Got a trip booked to go hunt at Delta Ridge in Jan. on the 6th, 7th and 8th just wanted to see if anyone has hunted with them before? If so how was your hunt? Curt seems to be a great guy and I've herd some good things about them.


----------



## gobbler1 (Sep 28, 2012)

*Delta ridge*

Use to be in the duck club where curt hunts out of. Lots of birds and you should have a great time.  Curt is a great guide and he'll put you on the ducks.


----------



## HuntDawg (Sep 28, 2012)

This will be my first trip there as well. We are hunting the 3rd through the 6th.


----------



## deast1988 (Sep 28, 2012)

went last januray 13th and 14th 4guns 30birds in 2 days had a blast. But it was mainly birds the first day shooting the breeze day #2. Curt hunted with us the first day then a guide was with us the 2nd. Weather influenced the hunt but we managed teal sprigs mallards and gadwalls all together a fun hunt. Was worth the trip to experiance the rice hunting in LA.


----------



## rockwalker (Sep 28, 2012)

Theres no better place to experience rice field hunting from a pit.
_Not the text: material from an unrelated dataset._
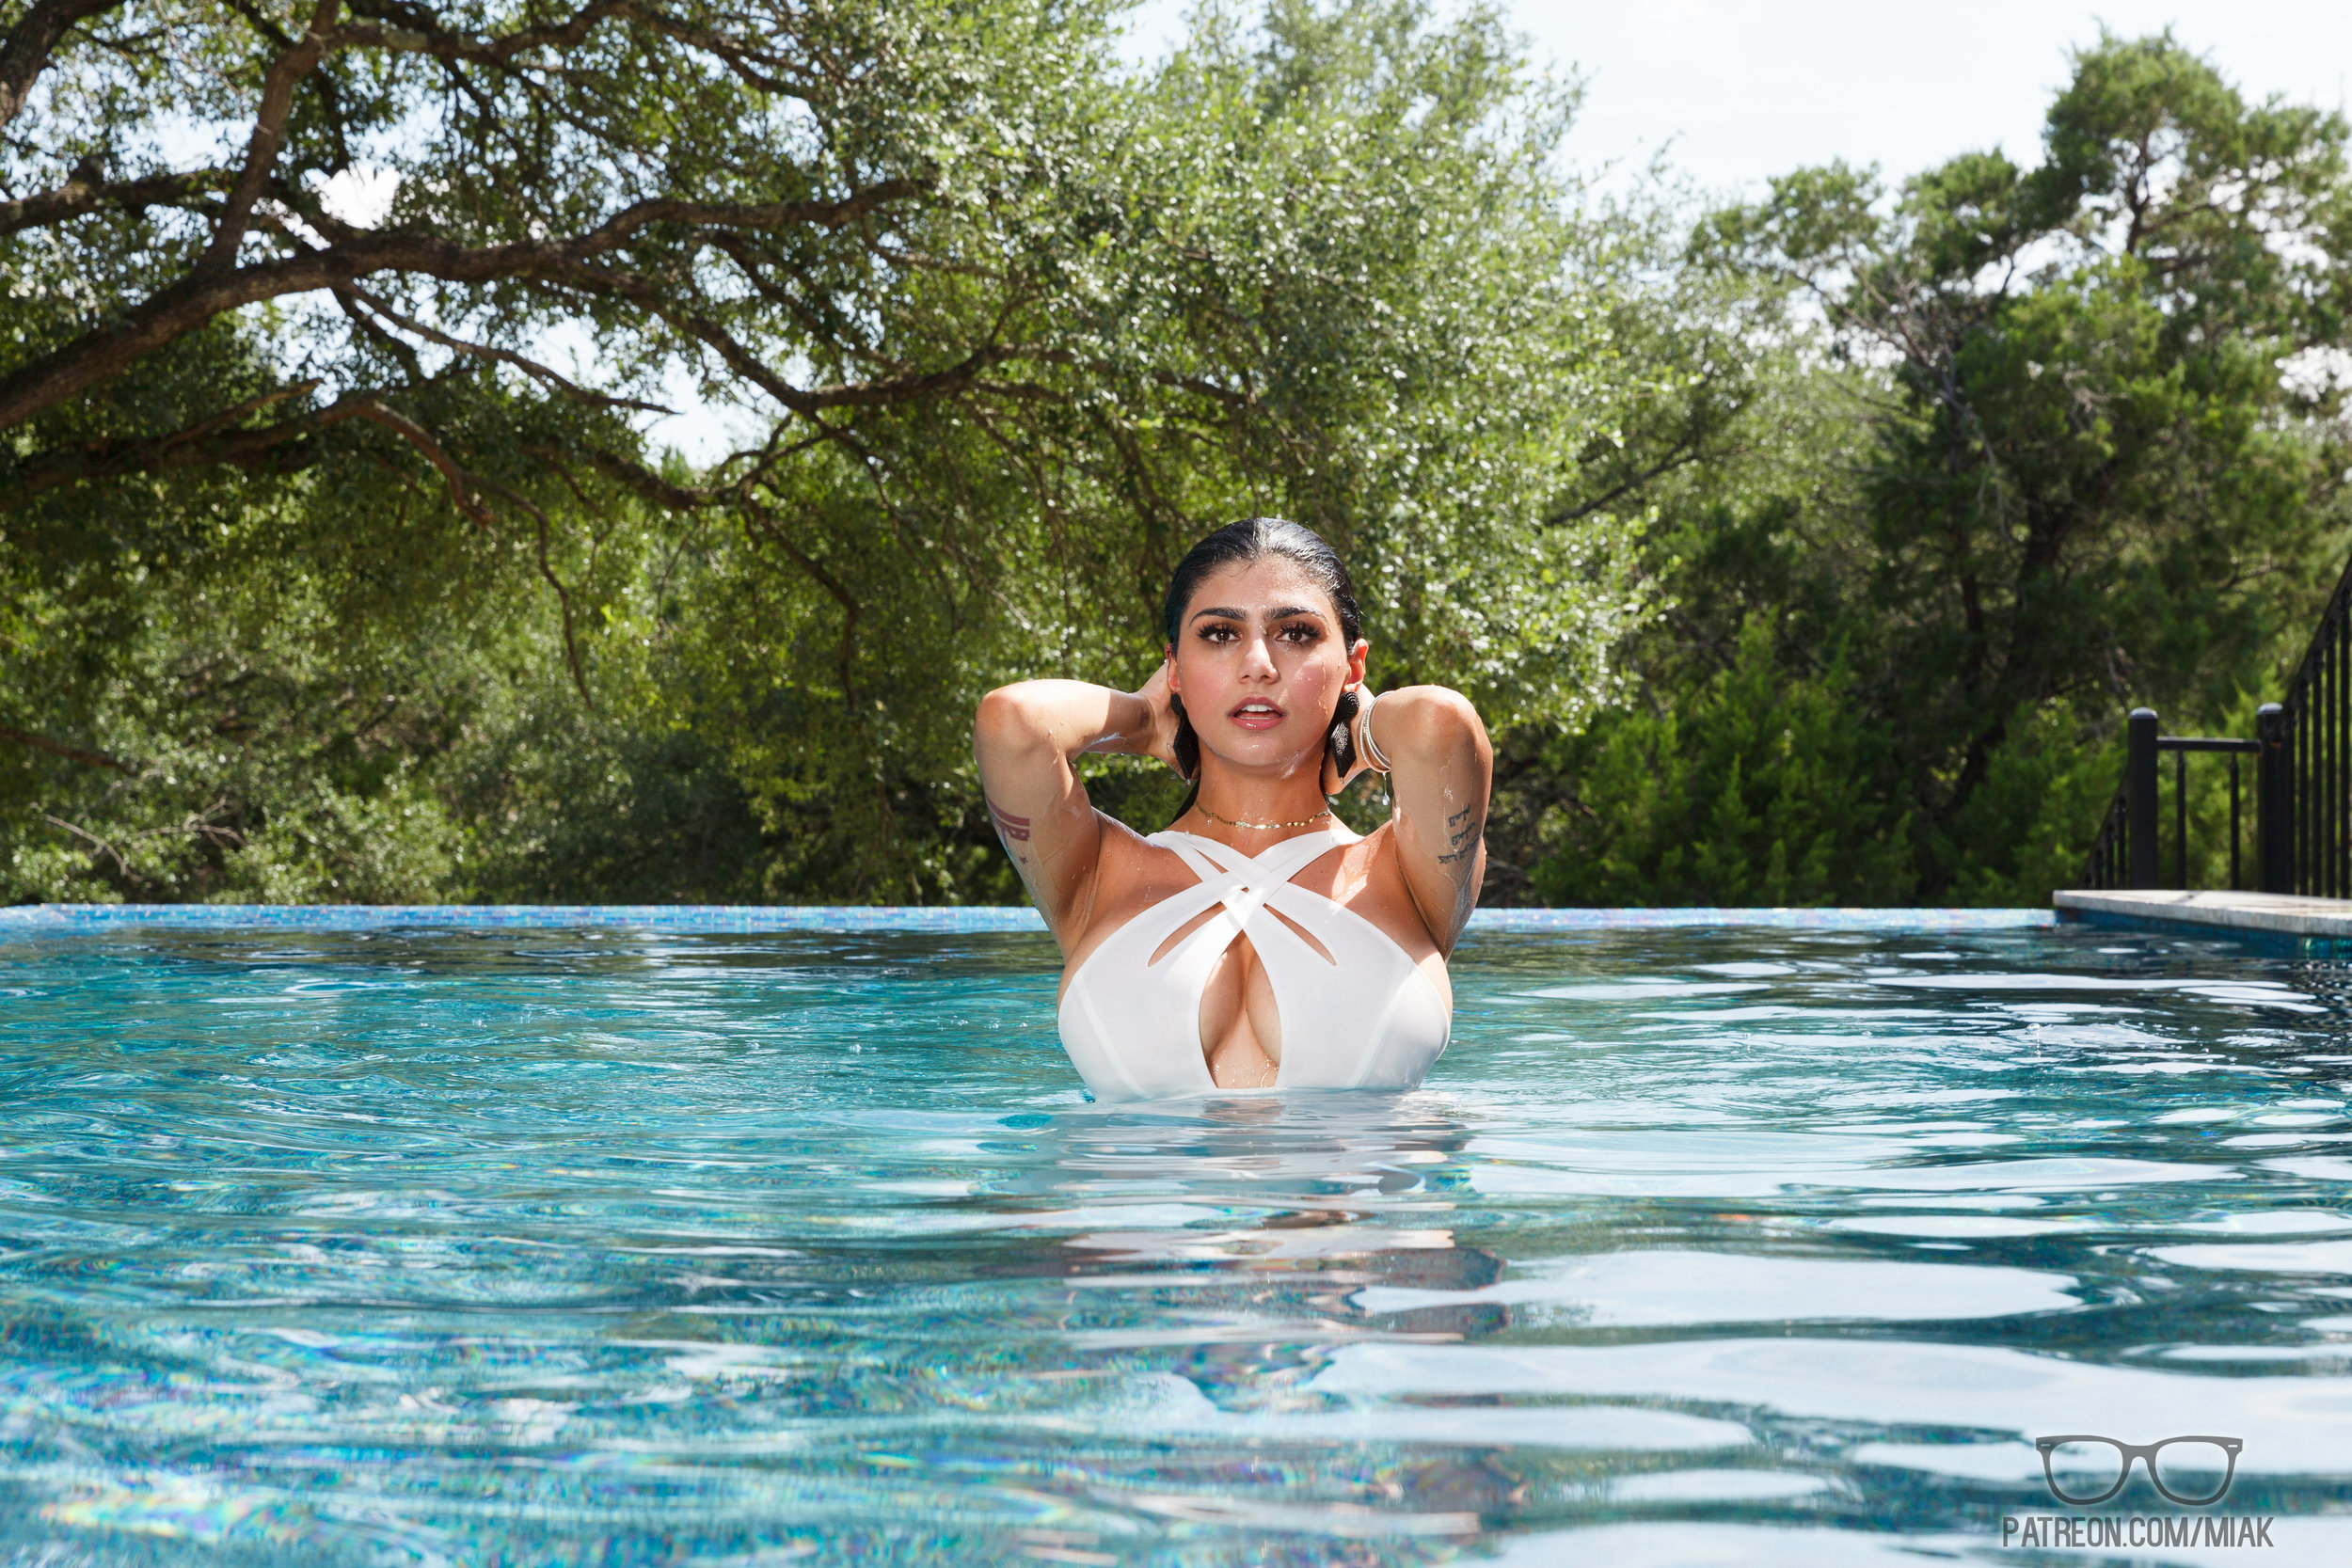 People 2500x1667 Mia Khalifa women pornstar white dress swimming pool boobs wet

Hunted there 2 years ago and it was a blast we were hot but hey nobody can control the weather. Curt is a great guy and very knowledgeable about the ducks in his area if the weather is good you should hit it just right!!


----------



## tomcat58 (Sep 30, 2012)

great choice been going for 3 years


----------



## IKWAK (Oct 4, 2012)

I have a trip booked with Curt for Jan 17th -20th. I can't wait.


----------



## stringmusic (Oct 4, 2012)

You guys will have a blast. I've been out there for the past 3 years and it is a great place to hunt. Curt is a cool guy and fun to hunt with.

Here are some pics for y'alls enjoyment.


----------



## webfootwidowmaker (Oct 4, 2012)

That's a handsome dog you got there


----------